The Feltron Annual Report

gordon-feltron.jpgThe raw materials...

gordon-feltron2.jpgA page from the finished report.

Nicholas Felton published his annual report today. Unlike years past where he cataloged, analyzed, and quantified a single year of his own life, this time he examined the life — the entire life — of his father Gordon Felton, who died in 2010. Nick studied scores of documents, calendars, postcards, and pictures to build a portrait of his dad in data. And it's quite a portrait. By triangulating his father's movements, Nick literally maps the shape of the world with the forms of continents emerging from the mesh of connecting lines (Felton Sr. was one hell of a traveler). The document is full of stories "Name legally changed to Gordon Felton in the province of Manitoba September 9, 1954 at 4:15" and facts both amusing ("Middle name Paul added in 1968") and heartbreaking (Last Day Sep 12, 2010 81 years, 2 months and 8 days old). Ultimately though, the document is a set of mysteries. Reading it reminded me of the questions asked by Rawlston in the opening scene of Citizen Kane after the newsreel ends.

                RAWLSTON
      What made Kane what he was?
      And, for that matter, what
      was he? What we've just seen are the outlines
      of a career - what's behind the
      career? What's the man? Was he good or bad?
      Strong or foolish? Tragic or silly?
      Why did he do all those things?
      What was he after?

These are questions that will not be answered by this report, but they are the type of questions the report raises. The questions make the man real to people who never knew him. How did this elevator operator find himself at the far end of the Soviet Union. Why was he in Vietnam? Why that middle name? Why the divorces? What happened in 1964?

Anyone who has lost someone close knows the complicated emotions brought on by the sorting of the collected ephemera of a life. Some survivors live with the stuff, some put it in boxes and hide it away, some throw it out. Nicholas did something harder, he tried to understand the things his dad left behind, and then he tried to make us understand. I see this as a courageous act of love. It shows on every page of the report and that's a beautiful thing.

Related: Phillip Toledano's Days With My Father, Mich Epstein's Family Business

posted at 02:40 PM by raul

Filed under: art

TAGS: annual report (1) feltron (1) nicholas fenton (1)

Comments:

02/08/11 04:25 PM

Thanks for posting this and also the Tibetan archive.

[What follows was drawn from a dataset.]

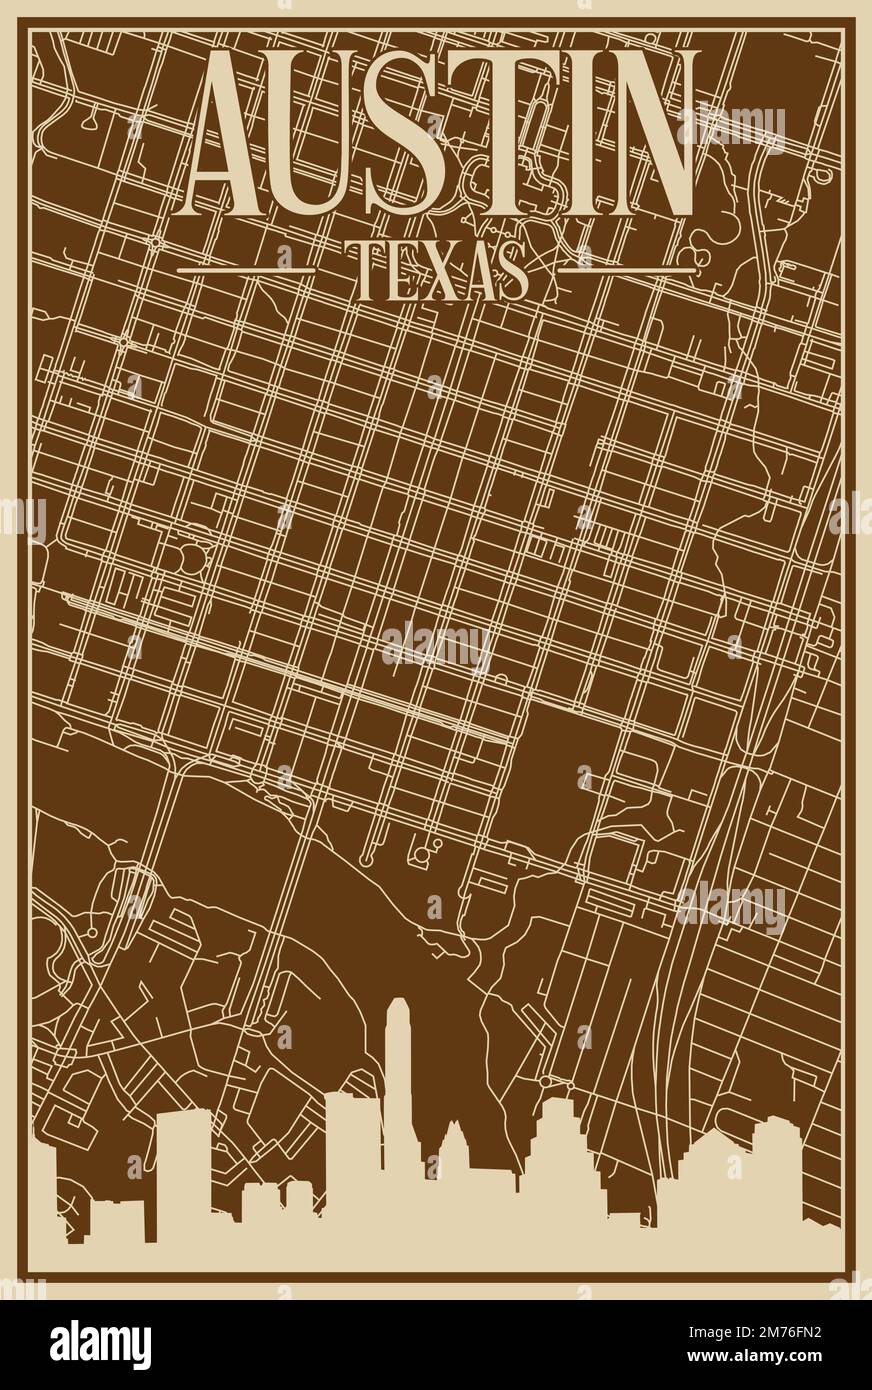 Braunes, handgezeichnetes Poster über die Innenstadt VON AUSTIN, TEXAS, mit hervorgehobener Oldtimer-Skyline und Schriftzug Stock Vektor

Do you know why there was a convention to list years and days of a person's life especially in the 19 th c ? Like on gravestone: so and so was 28 years and 36 days...

I can see that there are legal aspects to this, but I'm wondering if there are cultural reasons as well, i.e. religious etc etc..

02/08/11 04:44 PM

I don't know why the convention was to include days, but this site that posts a headstone a day is really fascinating.

http://www.vastpublicindifference.com/

02/08/11 09:15 PM

I wouldn't be surprised to see Felton's piece show-up on the list of nominations for a significant prize.

This reaches past "data visualization" to root around in the fertile space beyond categorization. If thought about in the context of "Contemporary Nonfiction" it's surely experimental, but damn, it's really good, too.

It's a significant narrative formed (from data) in a way I've never seen before. Its newness reminds me of how it must have felt to read Michael Joyce's "Afternoon, a Story" in the 80s.